Maneras que buscan de prevenir “cataratas secundarias”

La cirugía de hoy de la catarata se describe a menudo como maravilla del remedio moderno, un procedimiento de una hora del paciente no internado que ha pasado sin millones de la ceguera, especialmente en países desarrollados.

Pero nada es perfecto.

La “cirugía moderna de la catarata es una de las innovaciones más milagrosas de la salud humana,” dijo a Melinda Duncan, profesor de ciencias biológicas en la universidad de Delaware. “Ha revolucionado totalmente cuidado del aro y ha reducido grandemente la incidencia de la ceguera en todo el mundo.

“Como con cualquier cirugía, hay efectos secundarios.”

Duncan conducto la investigación en esos efectos secundarios -- a corto plazo y a largo plazo -- y está buscando maneras de prevenir qué se llama la “catarata secundaria” que puede ocurrir los años después de una cirugía acertada. Su investigación también explora el maquillaje de células en la lente del aro y la cirugía de la manera les afecta.

Las cataratas ocurren cuando la lente del aro llega a estar nublada, un proceso que se convierta en un cierto plazo y se relacione común con el envejecimiento. Eventual, los individuos con una catarata en un o ambo aros asierran al hilo como si estén observando el mundo a través de una ventana sucia.

El procedimiento quirúrgico quita que lente natural nublada a través de una incisión minúscula y la reemplaza por una lente plástica sin obstrucción, flexible. La cirugía y las lentes artificiales han estado perfeccionando constantemente, Duncan dijo, llevar para mejorar y para mejorar la visión para los pacientes.

“Solamente sigue habiendo algunas células de la lente siempre detrás después de cirugía,” ella dijo. “Y eso pueden formar el tejido de la cicatriz, que no es transparente.”

Un cierto 40 por ciento to-70 de pacientes desarrollará esto que marcan con una cicatriz en el aro, que interferirá a menudo con su visión. Ocurriendo mientras 10 años después de la cirugía original, la condición se conozca como opacification capsular posterior (PCO), a veces llamado “catarata secundaria.”

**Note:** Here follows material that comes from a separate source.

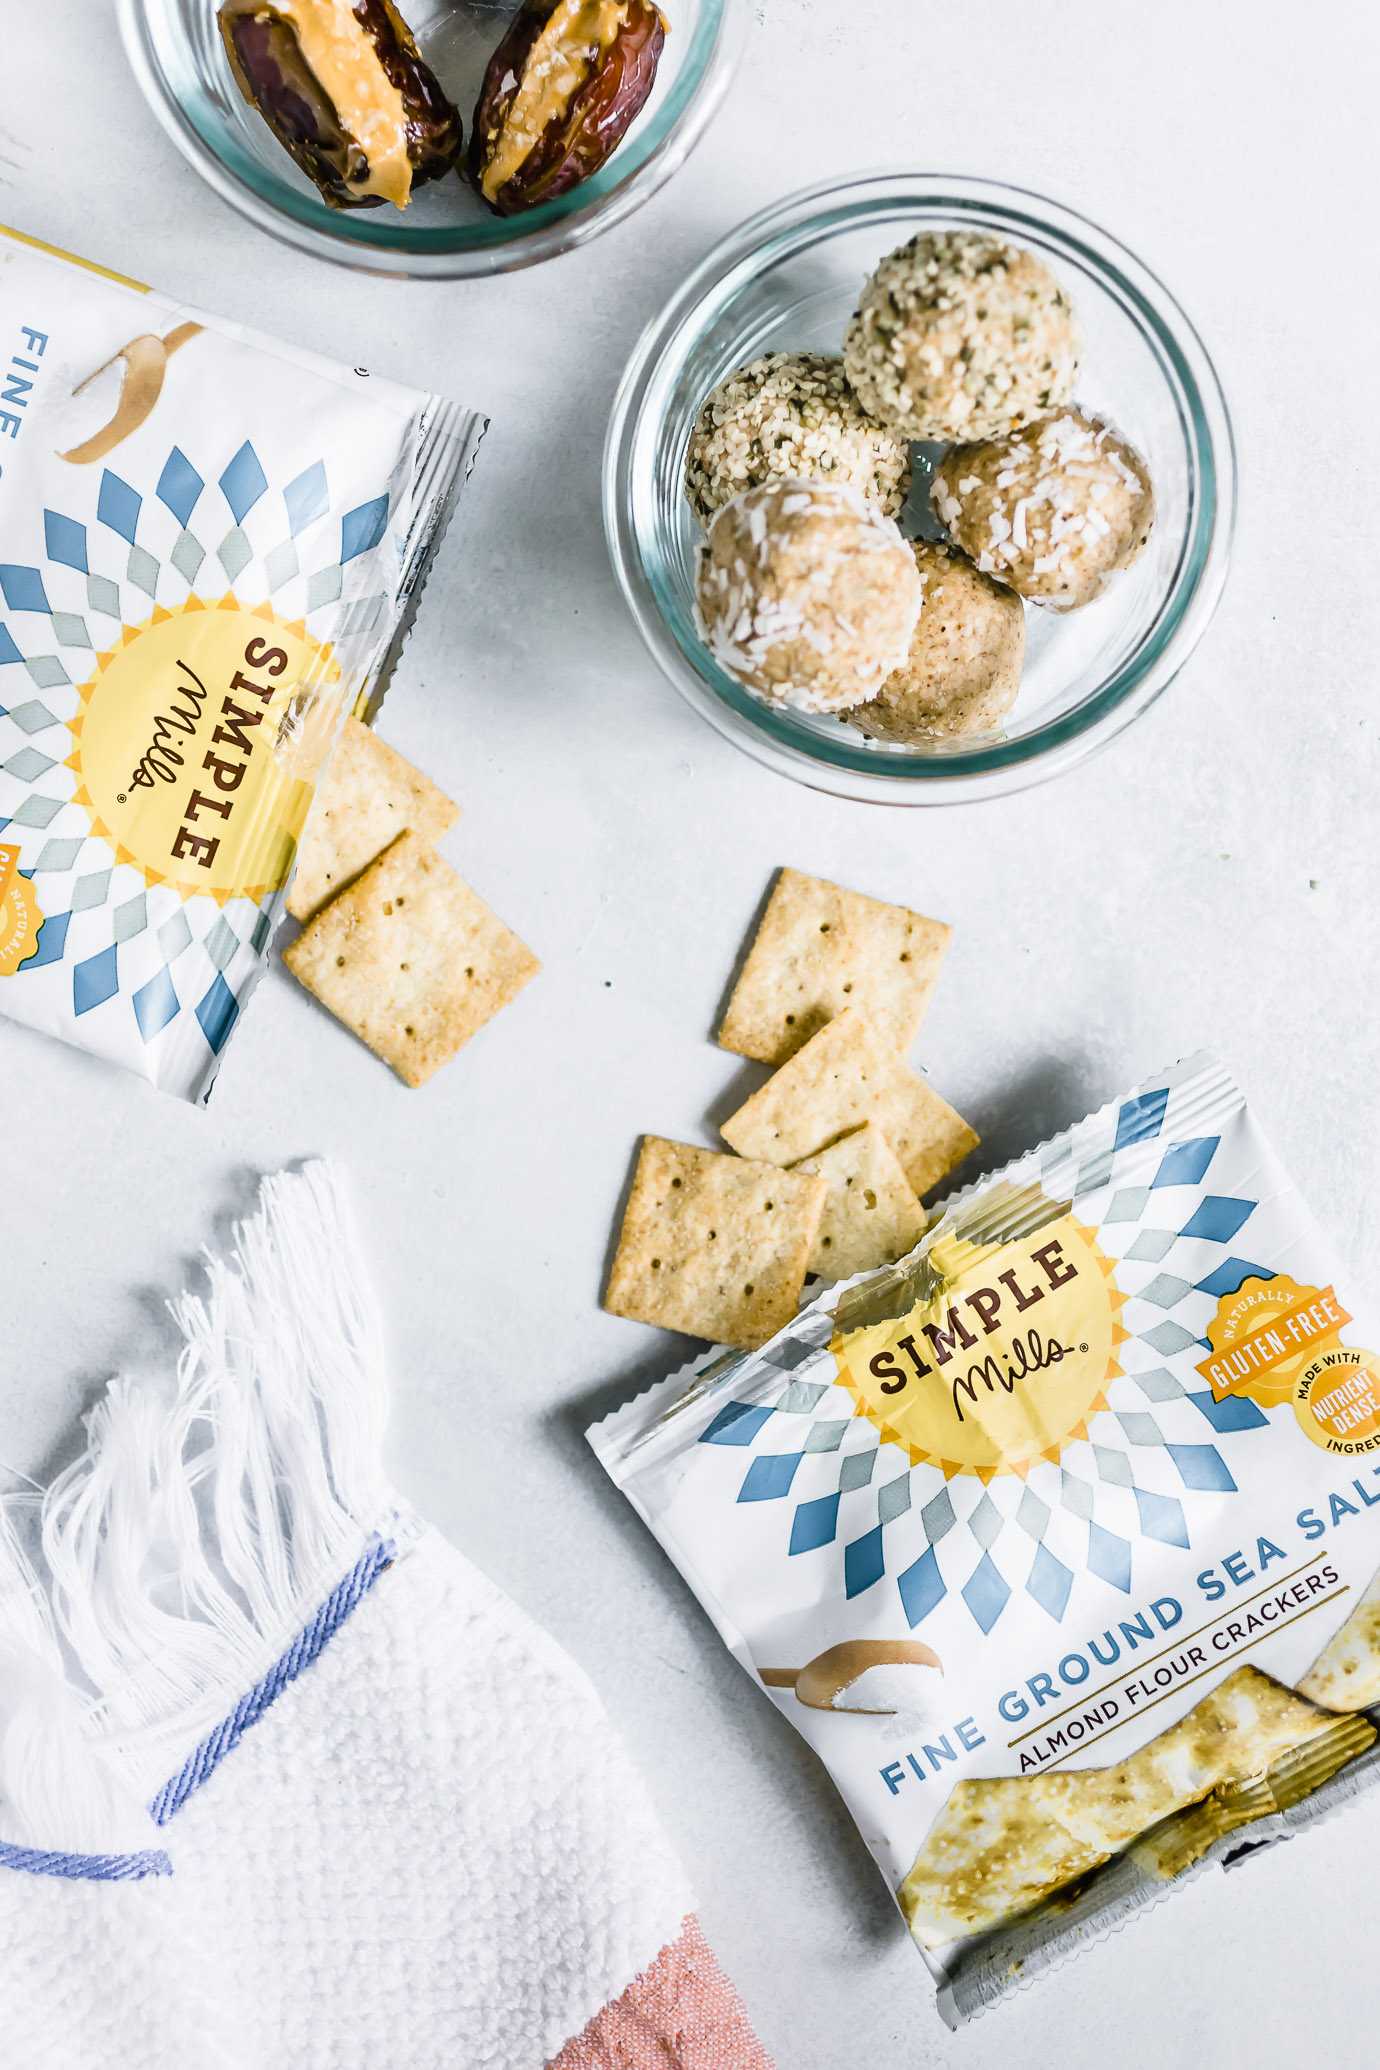 5 Simple Healthy Snacks for Summer featuring Simple Mills Almond Flour Crackers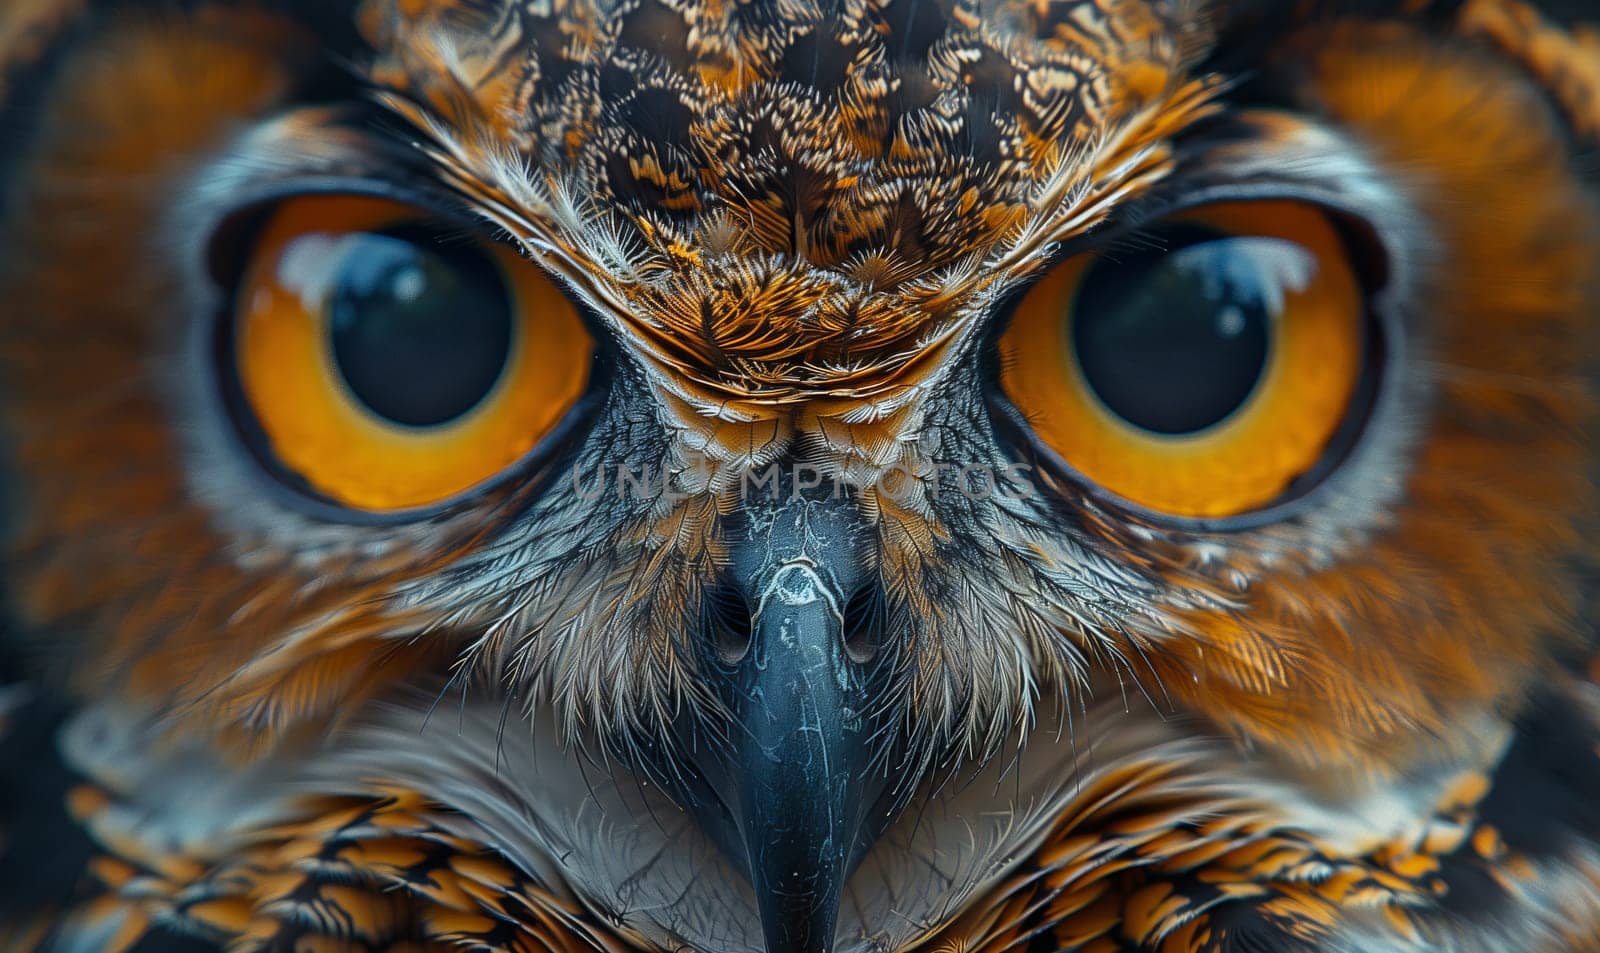 A close up of a Birds face with large yellow eyes, Natures stunning adaptation in the form of an Owl. Its Vertebrate organism features include a sharp beak, feathered coat, and captivating iris

“La mayoría de la gente que desarrolla PCO está muy bien con otro tratamiento, pero otros está en riesgo de problemas adicionales,” incluyendo daño a sus retinas, Duncan dijo. “Es mucho mejor prevenir PCO en el primer lugar.”

Su investigación sobre esta entrega ha sido financiada contínuo por el instituto nacional del aro (NEI), división de los institutos de la salud nacionales (NIH), desde 2004, y el instituto recientemente le concedió una renovación de cuatro años de la concesión para el proyecto de $1,37 millones. Duncan dijo que su equipo de investigación ha descubierto ya varias moléculas que son críticas para la formación de tejido de la cicatriz de PCO.

“Esperamos determinar intervenciones clínicas para cegar esta condición potencialmente cegadora,” ella dijo. “Que es lo que estamos trabajando en ahora -- una droga que cerraría este proceso.”

En otro proyecto de investigación activo, iniciado con el apoyo de un piloto Pala-Listo Grant del centro de Delaware para la investigación de translación y de una recompensa doble del acceso de la base de Delaware INBRE (la red de la idea para la excelencia biomédica de la investigación), Duncan está investigando los mecanismos que operan inmediatamente después de cirugía de la catarata para accionar PCO.

En la investigación de ese proceso, Duncan hizo un descubrimiento nuevo, encontrando que las células de la lente dejadas detrás después de las moléculas de la producción de la cirugía que pueden ser los gatillos primarios para la inflamación postquirúrgica del aro.

Esto era importante porque los doctores prescriben las caídas de aro antiinflamatorias generales que se utilizarán en los días después de la cirugía de la catarata para prevenir dolor y daño a la retina. El encontrar también se relaciona con PCO, pues la inflamación se sabe para impulsar la formación del tejido de la cicatriz en otros órganos. Este trabajo abre la posibilidad que la causa exacta de la inflamación podría ser resuelta, teniendo en cuenta para que una terapia apuntada sea utilizada en el futuro, Duncan dijo.

“Normalmente en el aro, células de la lente se emparedan totalmente lejos del sistema inmune y no tienen ninguna semejanza a las células inmunes,” ella dijo. “Solamente resulta que un daño a la lente, tal como cirugía, cambia eso. Los datos nos sorprendieron realmente porque éste era totalmente desconocido antes.”

Estas conclusión son el foco de un papel reciente publicado por el grupo de Duncan en la oftalmología investigador del gorrón y ciencias visuales.